As they put the noose around his neck, it didn’t even feel like this was real, like this was actually happening, all he felt was numbness. He wanted it to be over as quick as possible, a part of him wished they just did it right now, instead of waiting the few minutes for him to process what was happening to him.
It felt like this was deserving, it was how he was meant to die years ago, and now it caught up to him, as it always does. Death caught up to him, and it was going to win. A punishment, one he wouldn’t be able to escape. He wouldn’t be able to say the things he wanted to say to Arthur, Abigail, or even Dutch — tell him about all the shit he has put him through.
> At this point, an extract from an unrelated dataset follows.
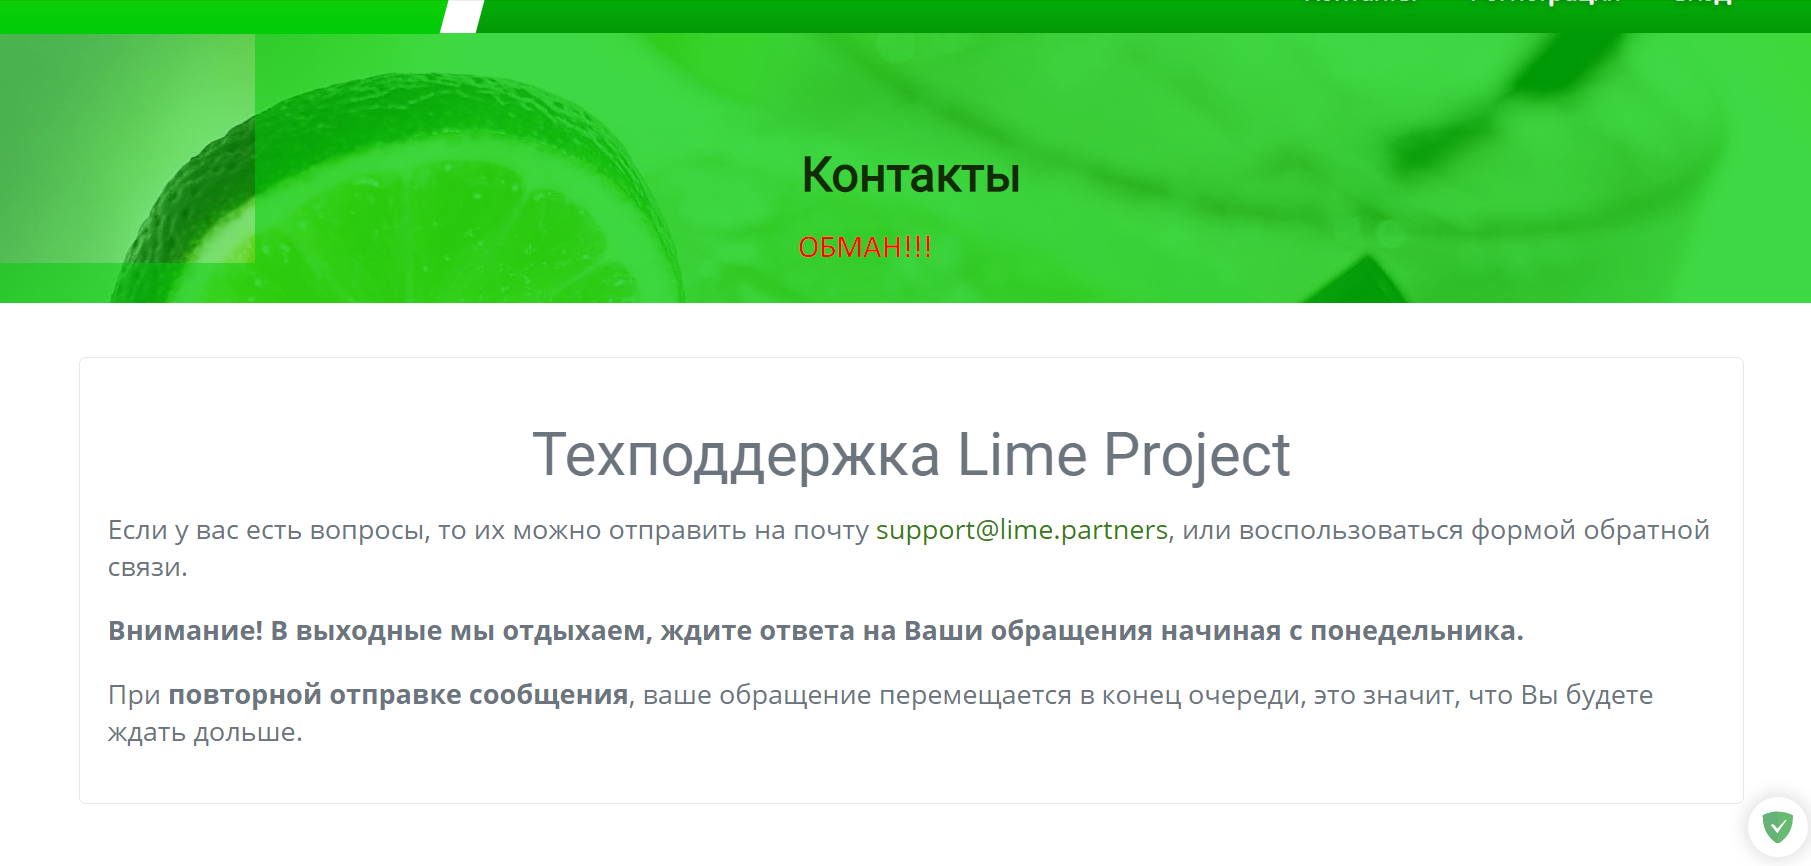 Компания Lime company контакты
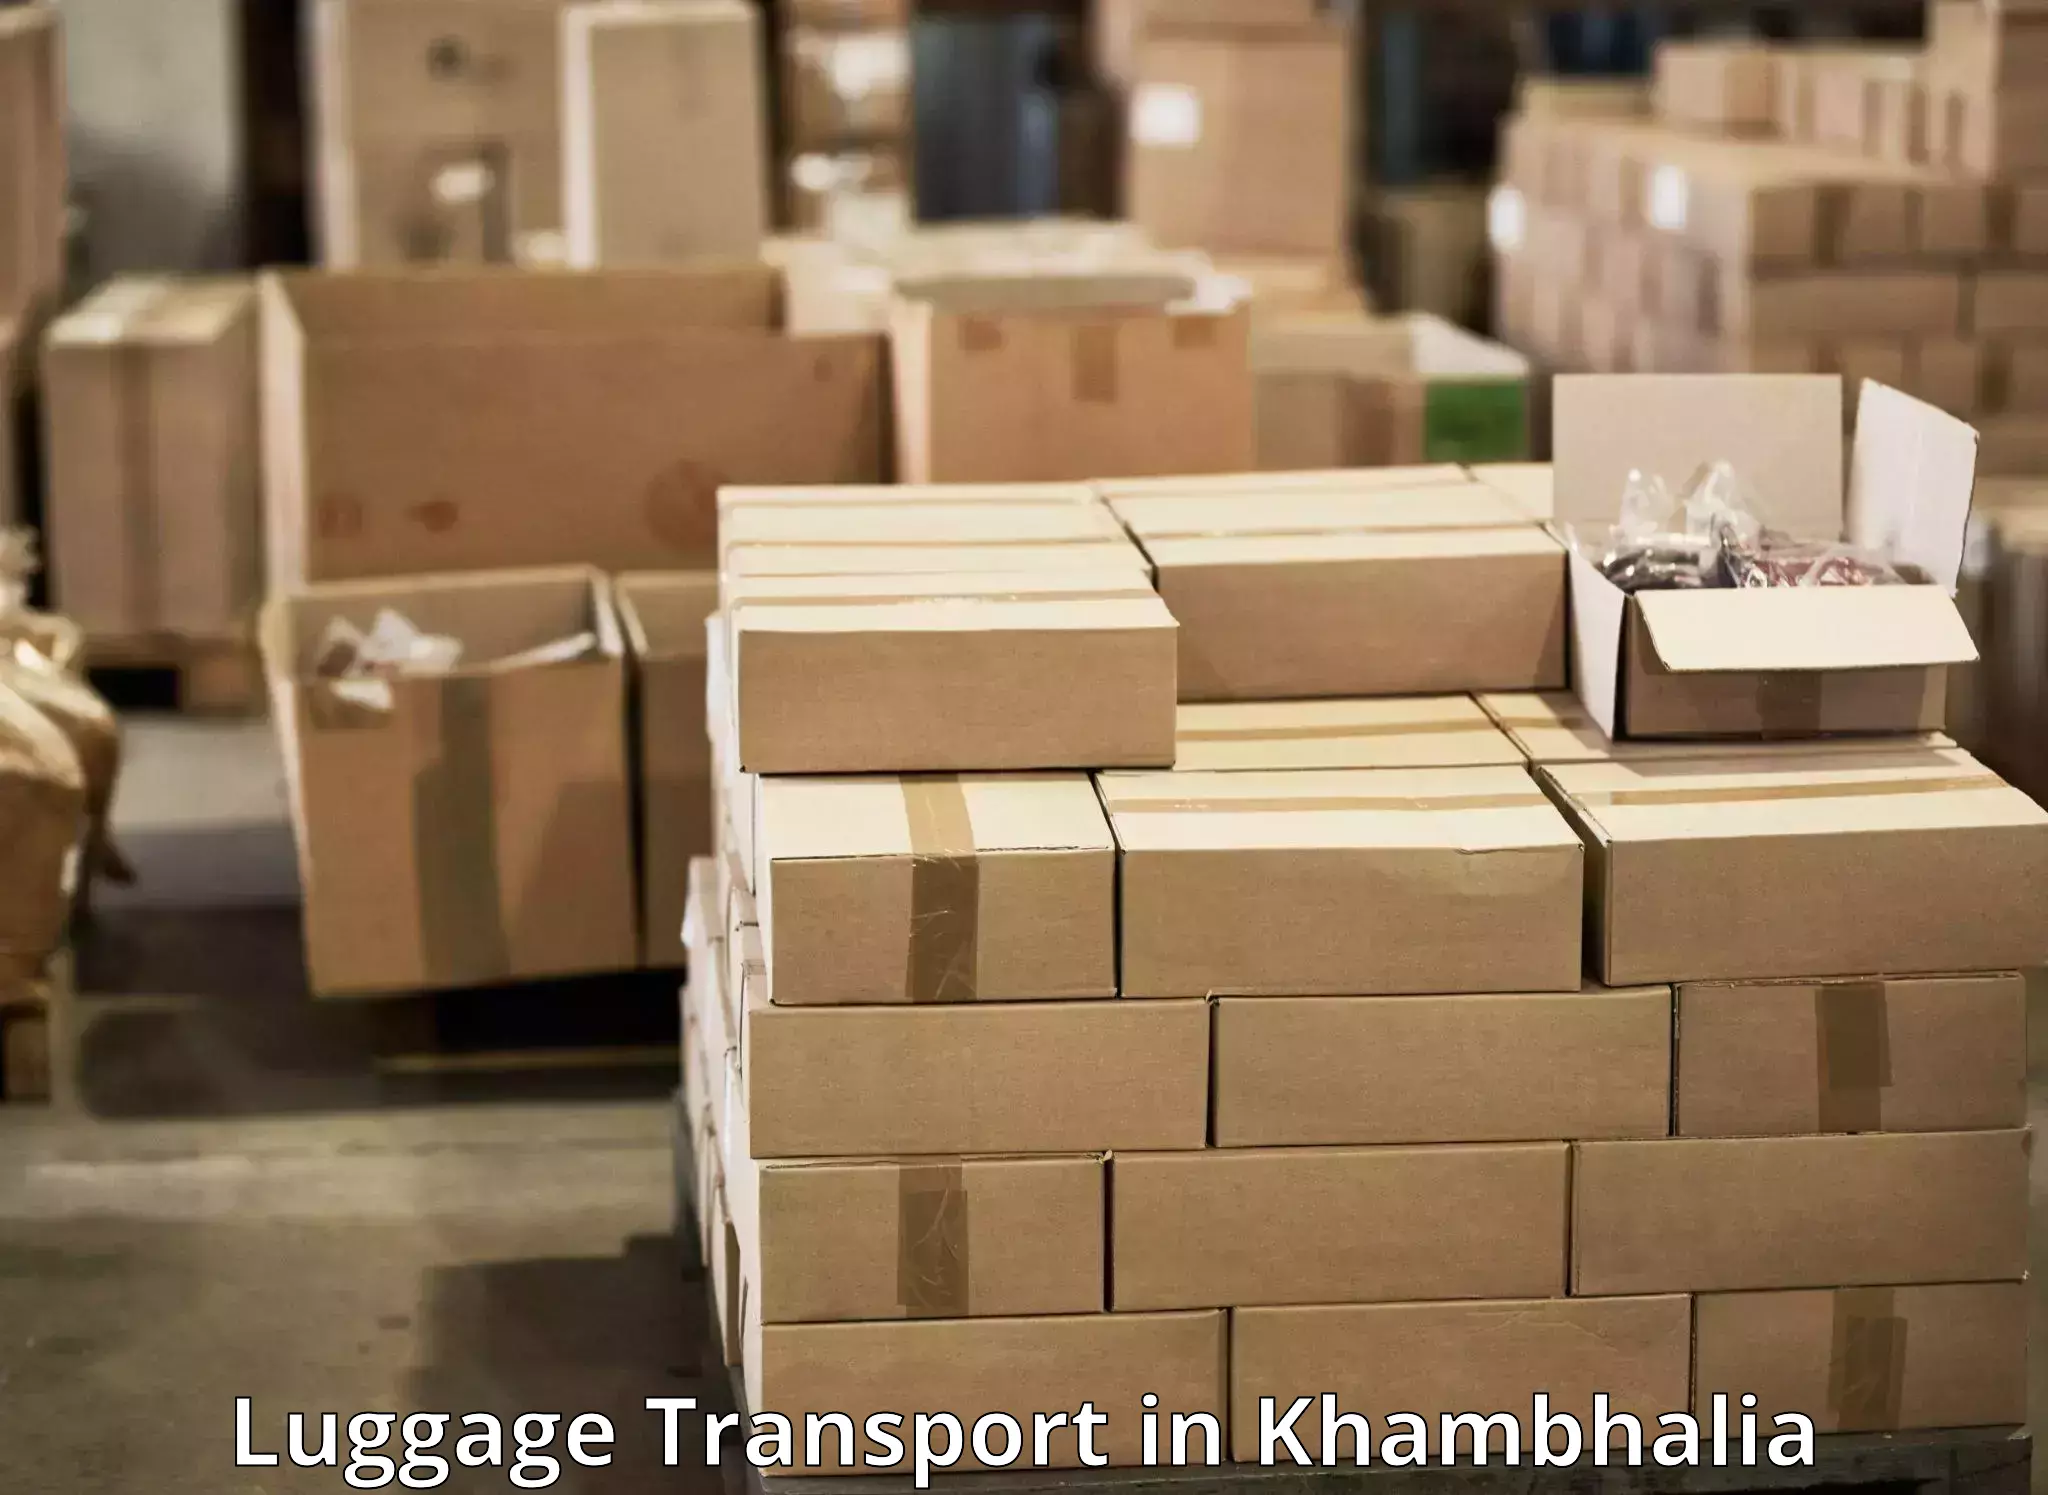 Luggage shipping options in Khambhalia

He knew none of them cared enough to rescue him, he didn’t want to believe it, but he had to. This life meant nothing anymore.
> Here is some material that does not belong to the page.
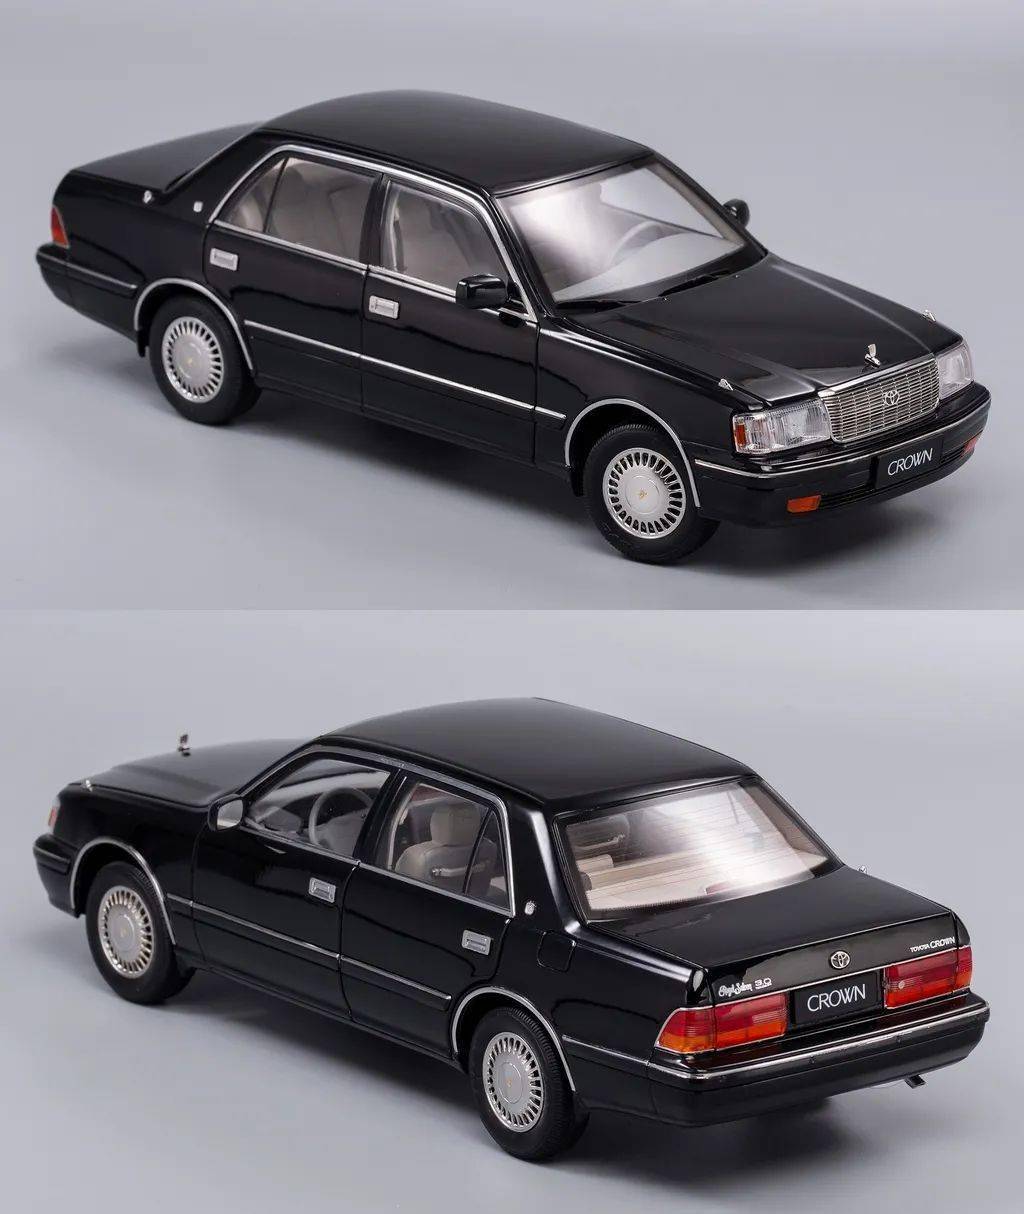 庞大的皇冠133和155,广东人在90年代接触到最多的豪华轿车就是这两款
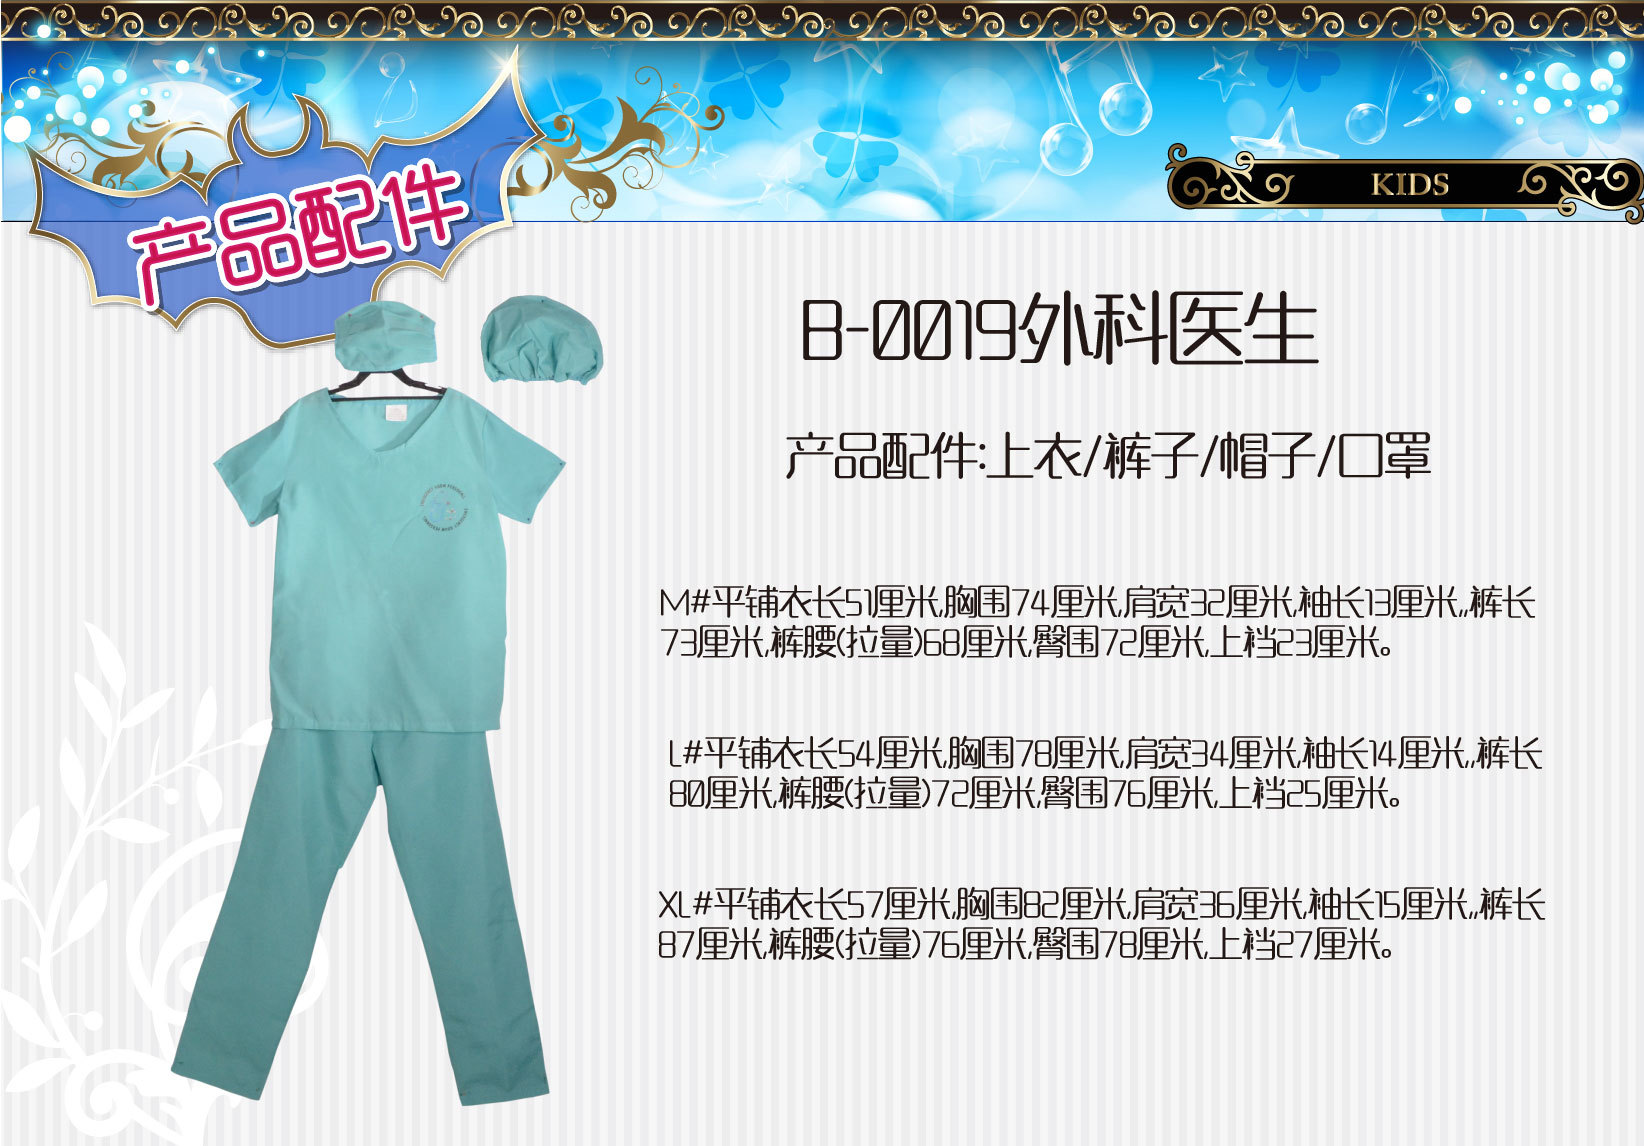 焕佑,cosplay,化妆舞会万圣派对游戏表演服装,B-0019外科医生服装详情4

They looked at him for a moment, making sure everything was right and there wasn't a way John could get out of it or possibly survive. Then he was met with one of the officials' gaze.
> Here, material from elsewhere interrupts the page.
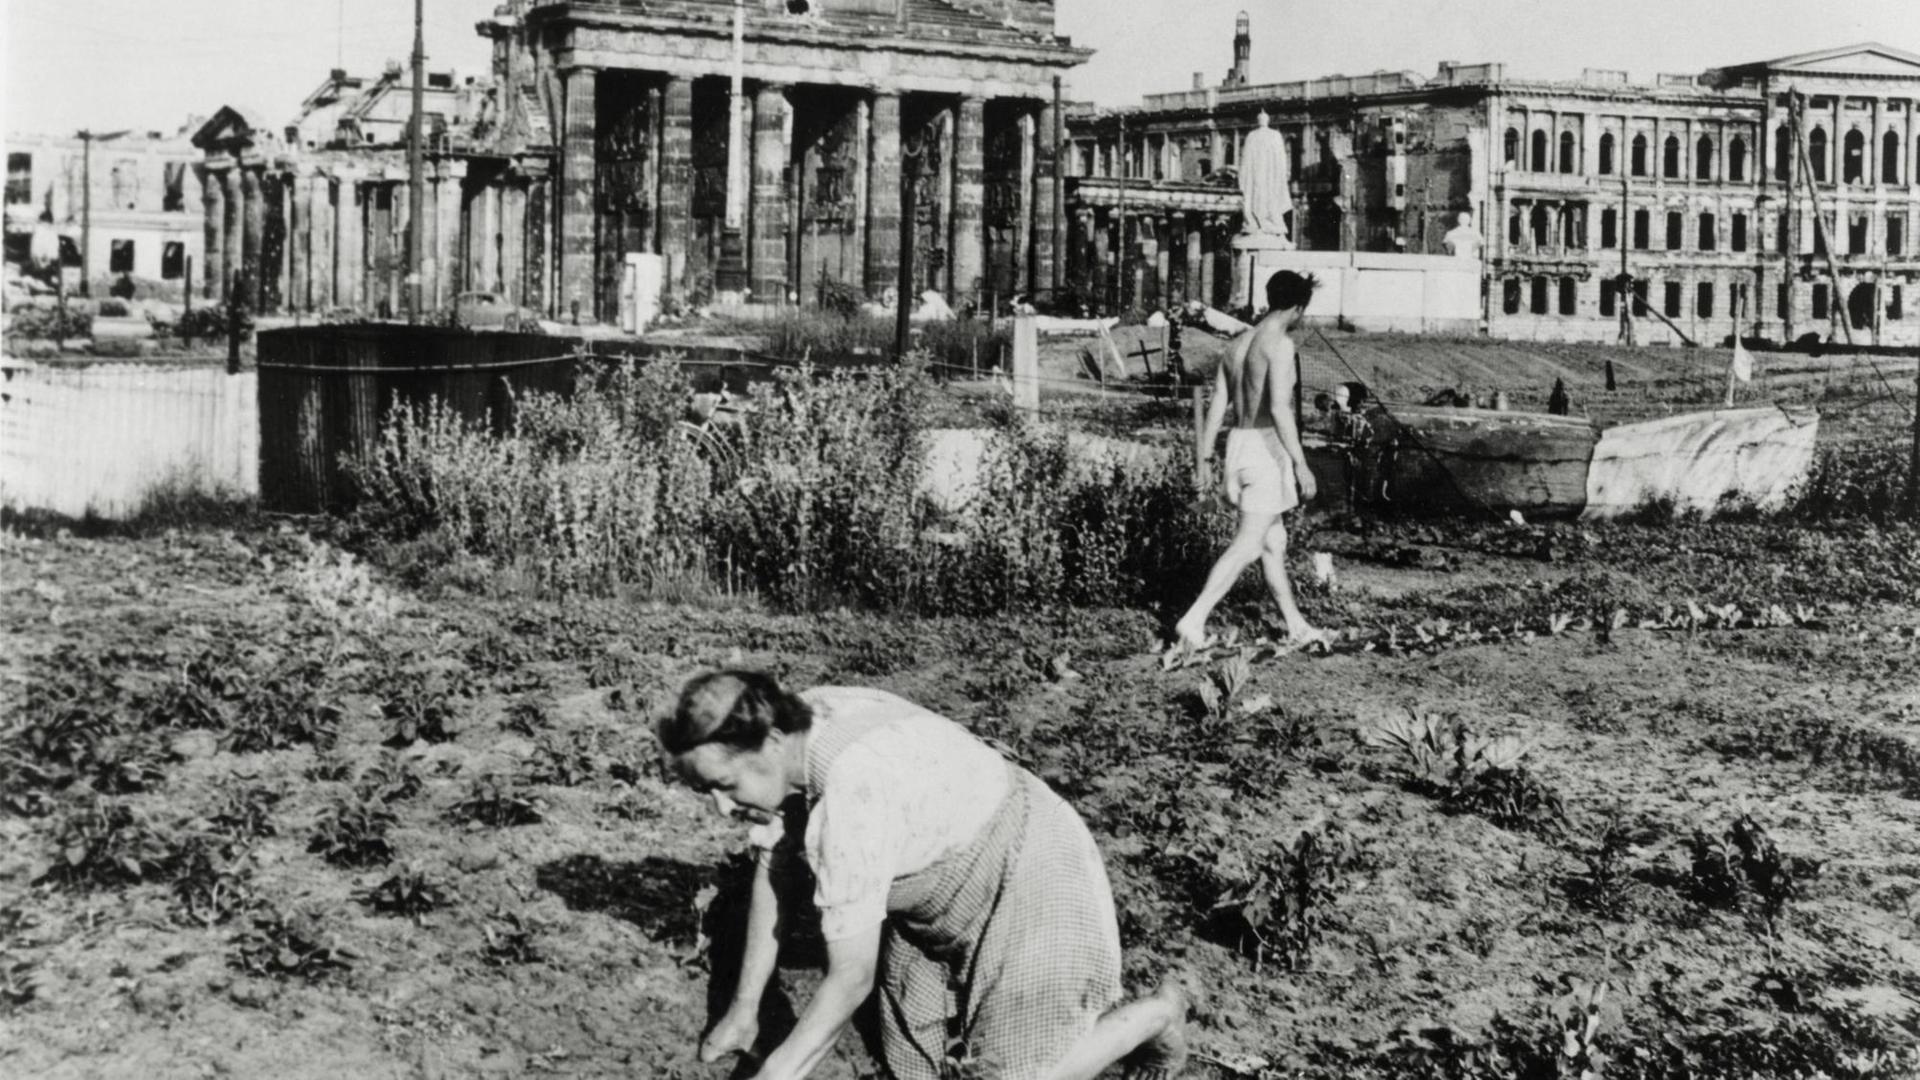 Am Brandenburger Tor wird Gemüse angebaut 1947: Im Hintergrund das beschädigte Brandenburger Tor.

“Nothing you’d like t’say?” He heard the guard speak, and as he did, his own breathing became quick — different from the calmer pattern that was normal to him a minute ago. His heart sped up, and it came to him, he was really about to die. He imagined what would be waiting for him, pure nothingness or some hell. Whatever it was, he would soon find out. He thought for a minute if he wanted to say anything.
John shook his head. There wasn’t anything to say anymore, and not much he could say, he wasn’t about to beg for mercy upon his life. It was for the better, there was a reason nobody came. He didn’t blame them for not doing so. John being hung was for the better, with all the trouble he caused. That was just the way things should be.
Eyes were taken off him, and he took his final breaths and waited for the moment they would pull the lever.
He felt deep regret for not changing something sooner when he could. He wondered if Arthur even cared to look for him, or if he didn’t at all. He probably didn’t. As seen, he was already sick of John’s shit with having to save him multiple times before, this was his lesson. Arthur saved him too much. Now, Arthur didn’t care. If he did, he would have come. But he didn’t.
He lost his balance, feeling the rope dig into his neck and it became more difficult to breathe. It was an instantaneous flicker of pain which felt like more than just a second, until nothing but a flicker of light, then pitch black hit him. This was the end of his life — his pathetic cowardly life that meant nothing to anyone other than him.